Kilburn and the High Roads were a British pub rock band formed in London by Ian Dury in 1970. The band released one studio album in 1975, disbanding the same year. AllMusic credits the band with being "an undeniable influence on punk and new wave".

History 
Dury formed Kilburn and the High Roads in 1970. The band consisted of Ian Dury as lead vocalist and lyricist, pianist Russell Hardy, guitarist Edward "Ted" Speight (later replaced by Keith Lucas), bassist Charlie Hart (later replaced by Humphrey Ocean and later by Charley Sinclair),  saxophonist George Khan (later replaced by Davey Payne) and drummer Chris Lucas (replaced by Terry Day and later by David Newton-Rohoman, who used crutches). The band performed their first gig in 1971 and were regulars on the pub rock scene by 1973. The Kilburns also supported the Who on their Quadrophenia tour of late 1973.

The band signed to Warner Bros. subsidiary Raft Records and recorded an album in 1974 but it remained unreleased when the label was shut down. The band were managed by fashion entrepreneur Tommy Roberts, presaging acquaintance Malcolm McLaren's involvement with the Sex Pistols. Signing to Pye subsidiary Dawn Records, the band released debut single "Rough Kids" the same year and a second single and their re-recorded debut album  Handsome in 1975, before disbanding soon afterwards. 

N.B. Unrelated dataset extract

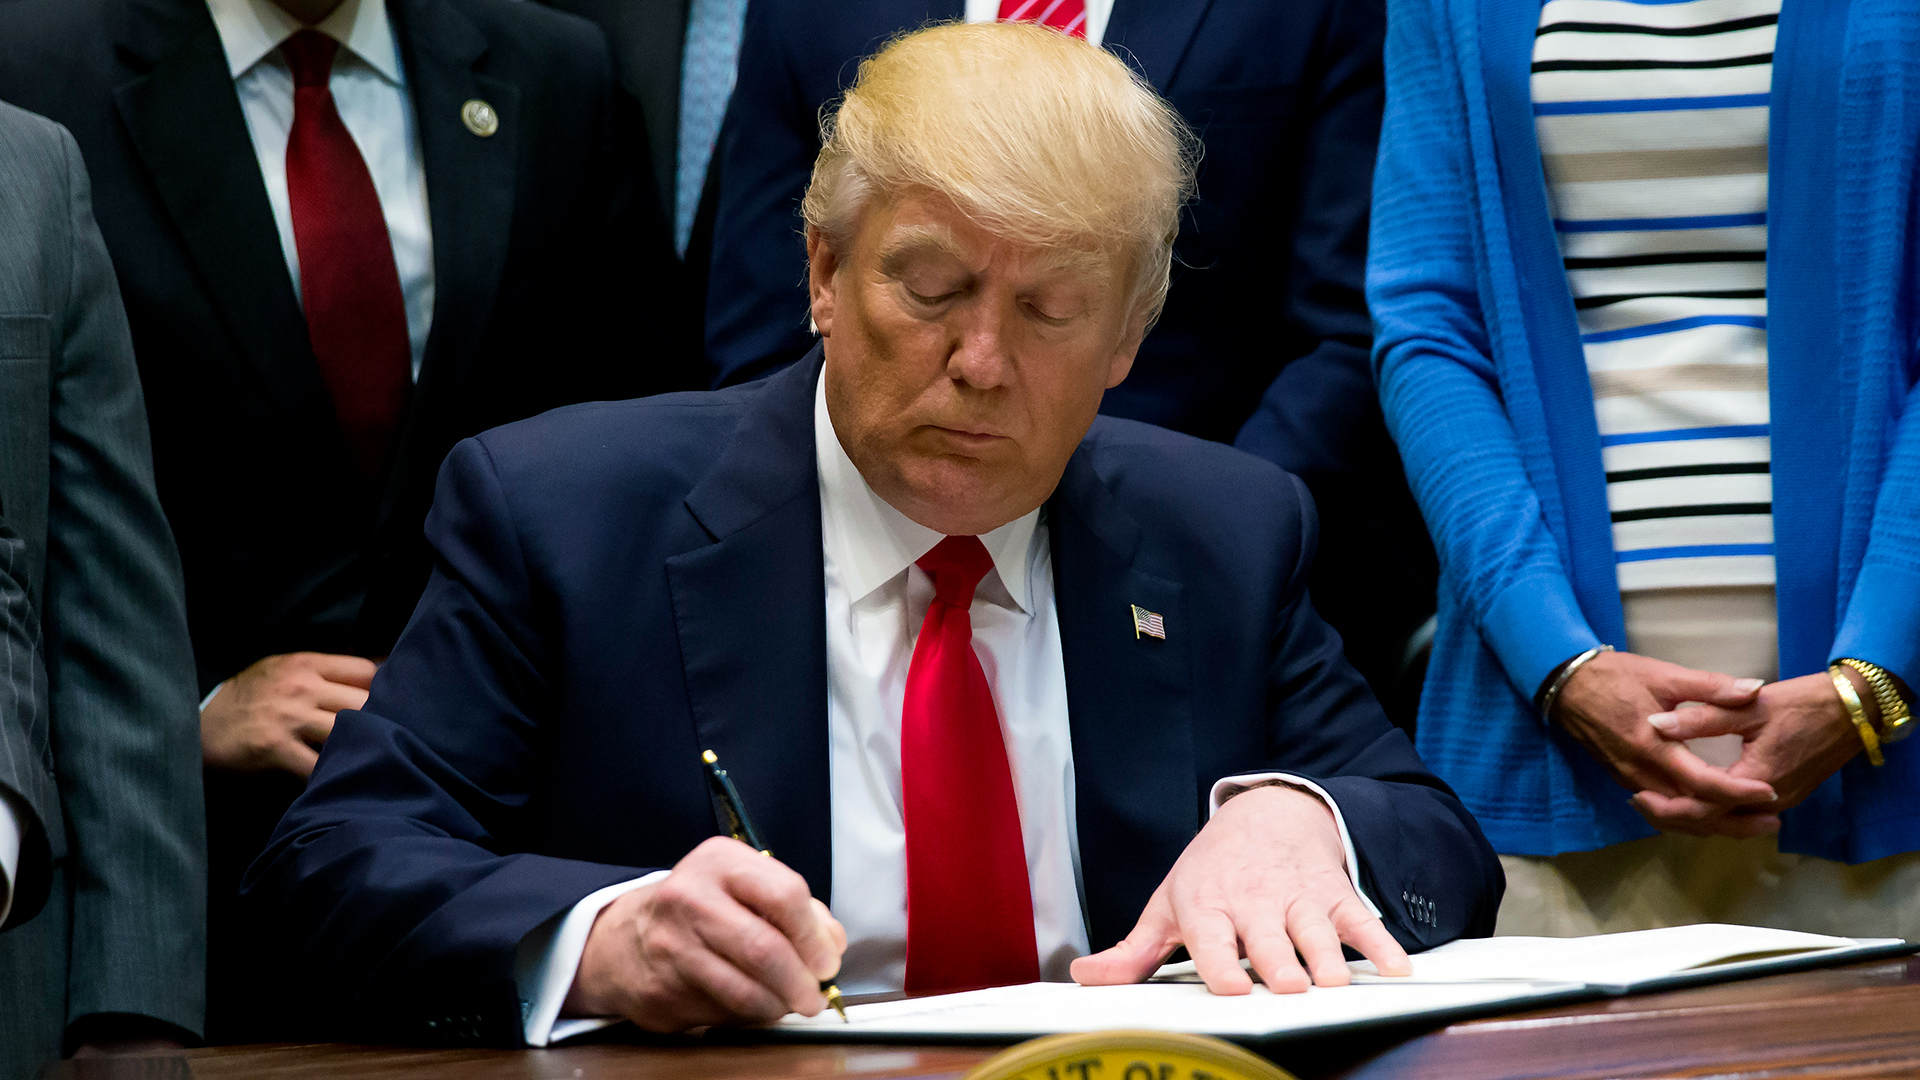 President Trump signing an executive order-159532.jpg84960344

Dury then formed the short-lived Ian Dury and the Kilburns and later, with different personnel, a new group, Ian Dury and the Blockheads, initially releasing records under his own name alone. Dury's solo success led to the release of a second Kilburn and the High Roads album, Wotabunch! in 1977, despite the group's earlier demise, largely duplicating the first album but remixed from earlier demos and later a compilation EP, The Best of Kilburn & the High Roads on Dury's next label, Stiff Records, in 1983.

In 2016, Cherry Red Records released an expanded edition of Handsome with a bonus disc containing a previously unreleased 1974 Capital Radio broadcast.

Legacy
Davey Payne followed Dury into the Blockheads. Keith Lucas (as Nick Cash) went on to form punk band 999. Humphrey Ocean recorded a one-off single for Stiff Records in 1978, written by Dury. 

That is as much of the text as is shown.